Osservo che dovendo investire circa 200 miliardi di Pnrr in quattro anni potremmo addirittura non crescere: negli anni successivi avremo problemi ancora maggiori. Di contro è chiaro a tutti che si rende necessaria una crescita alimentata da investimenti strutturali e permanenti. Riporto un dato del passato, credo molto utile: negli anni 80 noi avevamo una spesa in conto capitale tra il 4 e il 5% del prodotto interno lordo. Dal 1994 questa spesa si è ridotta tra il 2 e il 3%: due punti in meno di investimenti per trent’anni portano ad una cifra elevatissima di mancati investimenti. Ovvio che poi si giunge ad una crescita dello 0,8%. Un taglio presente anche nel bilancio dell’anno scorso approvato da Draghi. Non ne usciremo mai da questa spirale perché abbiamo una ripresa drogata, un aumento del debito e naturalmente un’inflazione legata al costo energetico di un mercato che non sapeva regolare.

Come intervenire?

Immaginare una rivisitazione delle regole che presiedono i mercati finanziari.
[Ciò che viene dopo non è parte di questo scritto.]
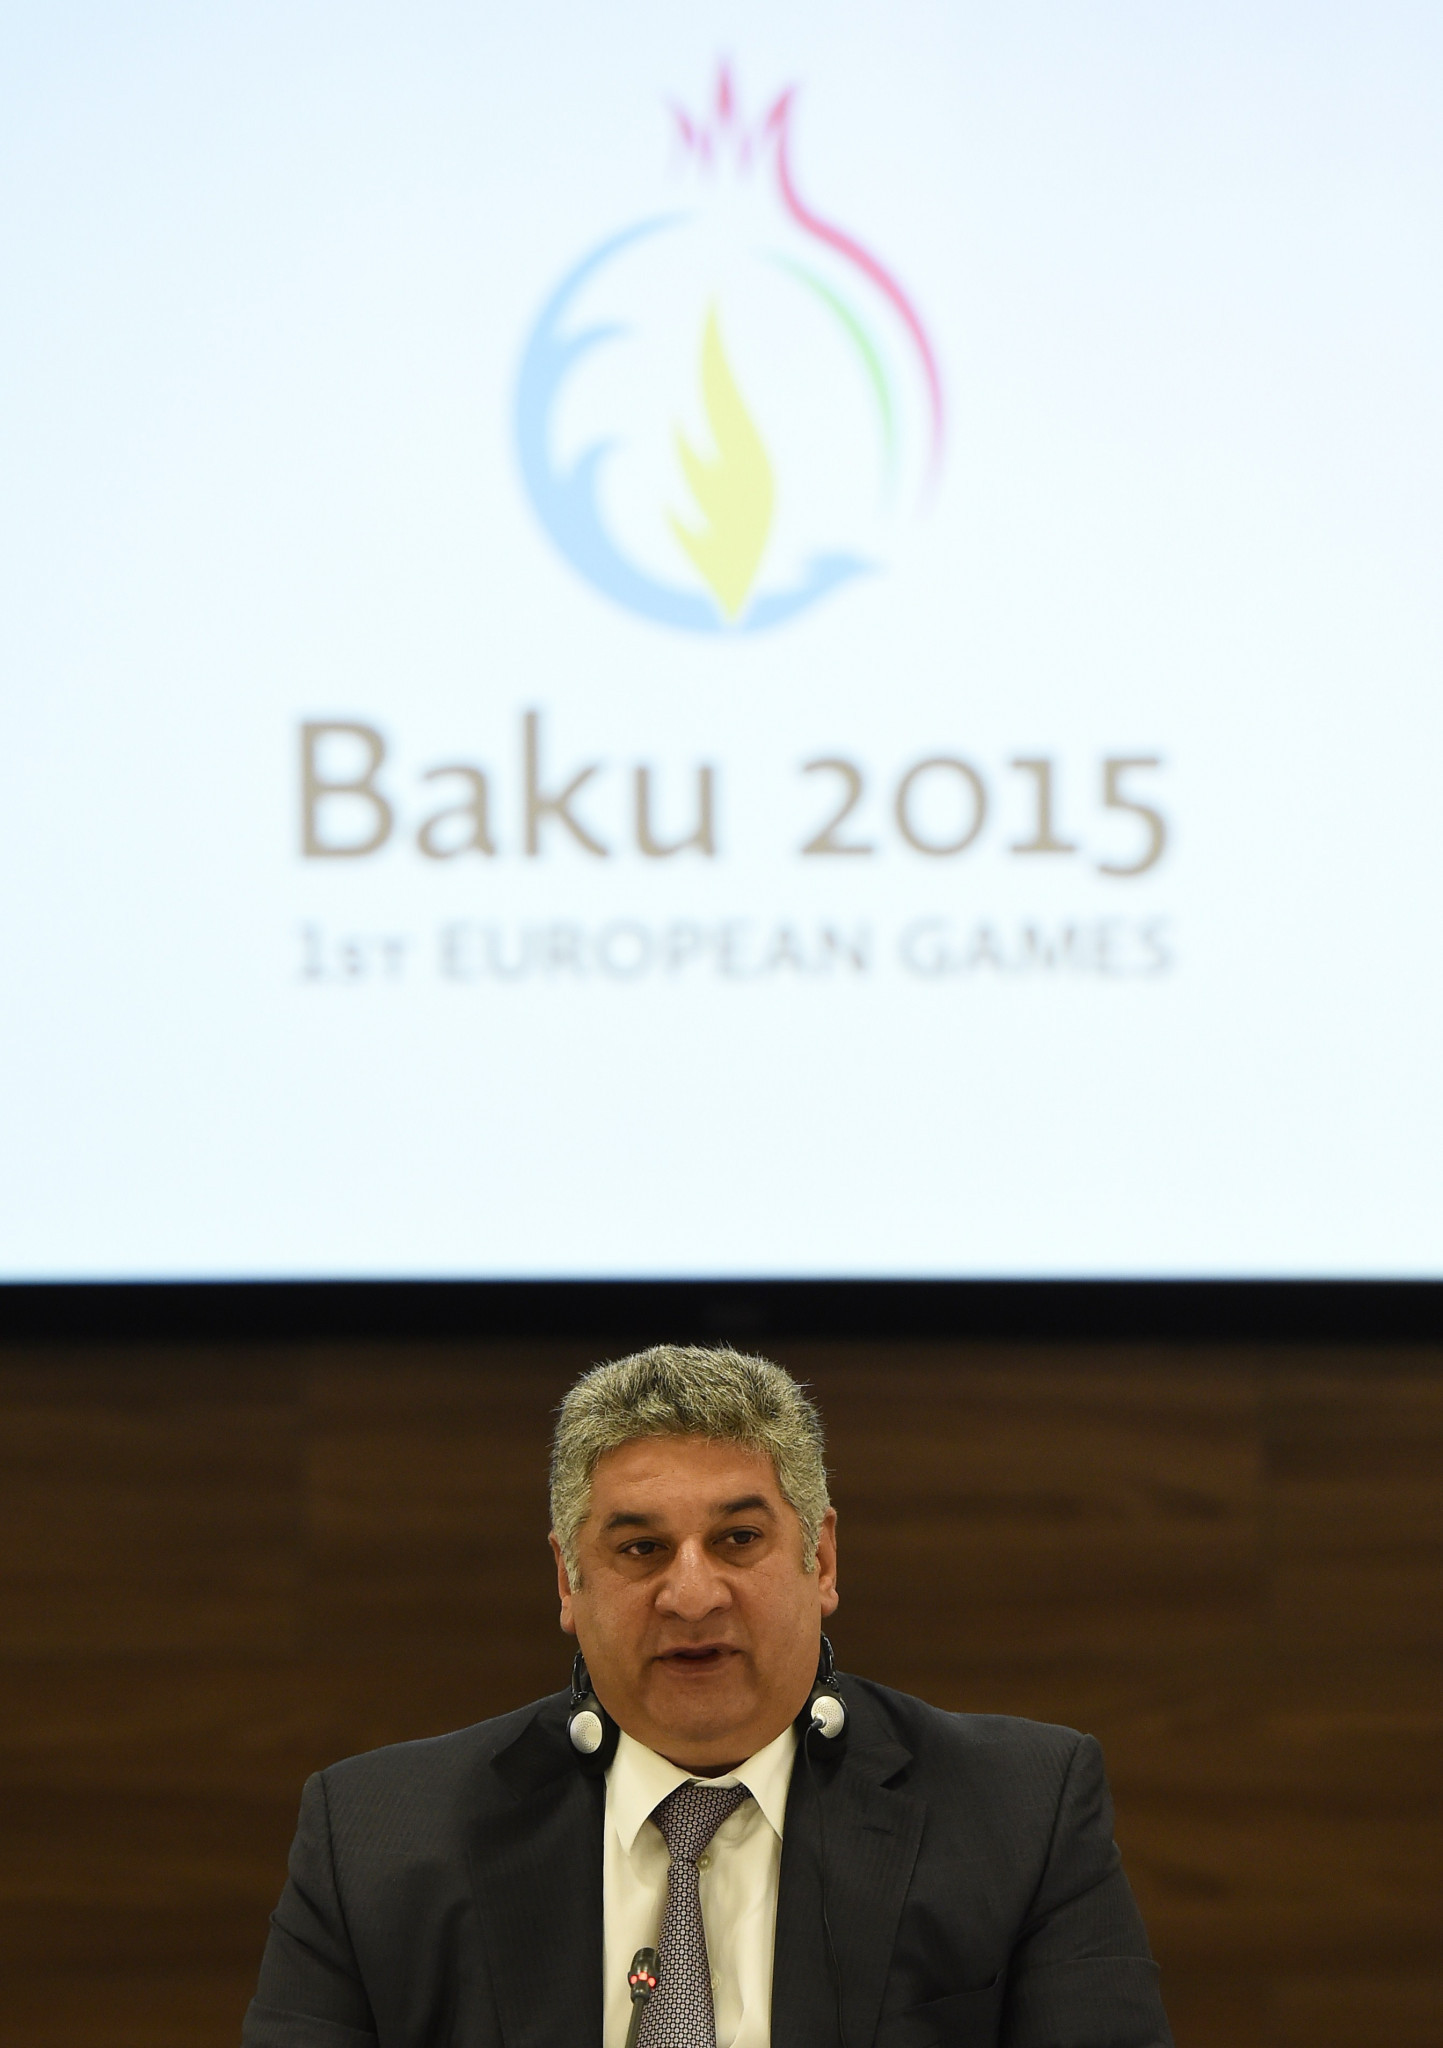 Azad Rahimov played a leading role in the organisation of the first European Games at Baku in 2015 ©Getty Images

Non possiamo consentire che ci siano mercati finanziari delle materie prime, che sono la vita del mondo, completamente deregolamentati, parimenti non è possibile che l’utile delle imprese manifatturiere o dei servizi venga tassato per oltre il 30%. Questo è il tema portante, perché tutto si è modificato da quando il capitalismo internazionale è stato egemonizzato della finanza rispetto all’attività dell’economia reale. È possibile correggere strumenti di mercato che sono politiche fiscali e politiche normative? Senza un’azione seria, continueremo ad avere debito e scarsa crescita.